Kuliopulos A, Mullen G P, Xue L, Mildvan A S
Department of Biological Chemistry, Johns Hopkins University School of Medicine, Baltimore, Maryland 21205.
Biochemistry. 1991 Apr 2;30(13):3169-78. doi: 10.1021/bi00227a003.

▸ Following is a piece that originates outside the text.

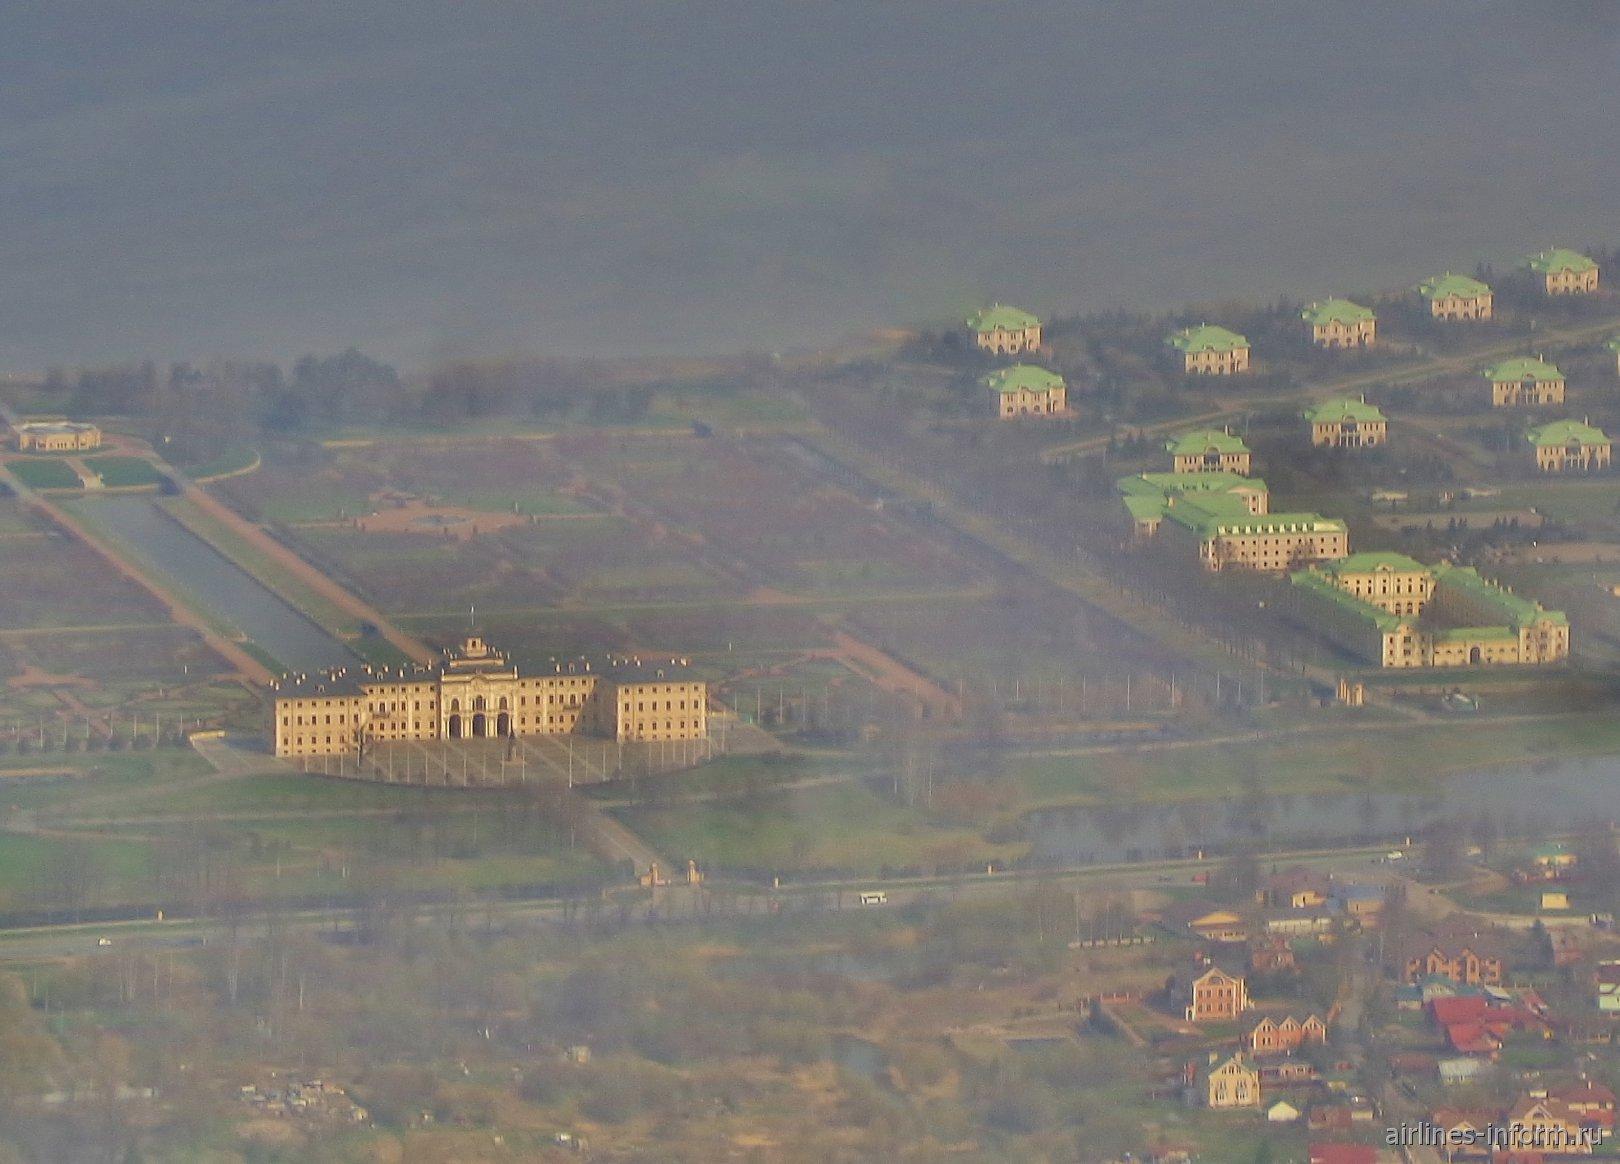 Вид на Константиновский дворец в Стрельне перед посадкой в аэропорту Пулково

The reaction catalyzed by delta 5-3-ketosteroid isomerase has been shown to occur via the concerted enolization of the delta 5-3-ketosteroid substrate to form a dienolic intermediate, brought about by Tyr-14, which hydrogen bonds to and protonates the 3-keto group, and Asp-38, which removes and axial (beta) proton from C-4 of the substrate, in the same rate-limiting step [Xue, L., Talalay, P., & Mildvan, A.S. (1990) Biochemistry 29, 7491-7500; Kuliopulos, A., Mildvan, A.S., Shortle, D., & Talalay, P. (1989) Biochemistry 26, 3927-3937]. Since the axial C-4 proton is removed by Asp-38 from above the substrate, a determination of the complete stereochemistry of this rapid, concerted enolization requires information on the direction of approach of Tyr-14 to the enzyme-bound steroid. The double mutant enzyme, Y55F + Y88F, which retains Tyr-14 as the sole Tyr residue, was prepared and showed only a 4.5-fold decrease in kcat (12,000 s-1) and a 3.6-fold decrease in KM (94 microM) for delta 5-androstene-3, 17,dione, in comparison with the wild-type enzyme. Deuteration of the aromatic rings of the 10 Phe residues further facilitated the assignment of the aromatic proton resonances of Tyr-14 in the 600-MHz TOCSY spectrum at 6.66 +/- 0.01 ppm (3,5H) and at 6.82 +/- 0.01 ppm (2,6H). Variation of the pH from 4.9 to 10.9 did not alter these shifts, indicating that the pKa of Tyr-14 exceeds 10.9. Resonances assigned to the three His residues titrated with pKa values very similar to those found with the wild-type enzyme. The binding of 19-nortestosterone, a product analogue and substrate of the reverse isomerase reaction, induced downfield shifts of -0.12 and -0.06 ppm of the 3,5-and 2,6-proton resonances of Tyr-14, respectively, possibly due to deshielding by the 3-keto group of the steroid, but also induced +0.29 to -0.41 ppm changes in the chemical shifts of 8 of the 10 Phe residues and smaller changes in 10 of the 12 ring-shifted methyl resonances, indicating a steroid-induced conformation change in the enzyme. NOESY spectra in H2O revealed strong negative Overhauser effects from the 3,5-proton resonance of Tyr-14 to the overlapping 2 alpha-, 2 beta-, or 6 beta-proton resonances of the bound steroid but no NOE's to the 4- or 6 alpha-protons of the steroid.(ABSTRACT TRUNCATED AT 400 WORDS)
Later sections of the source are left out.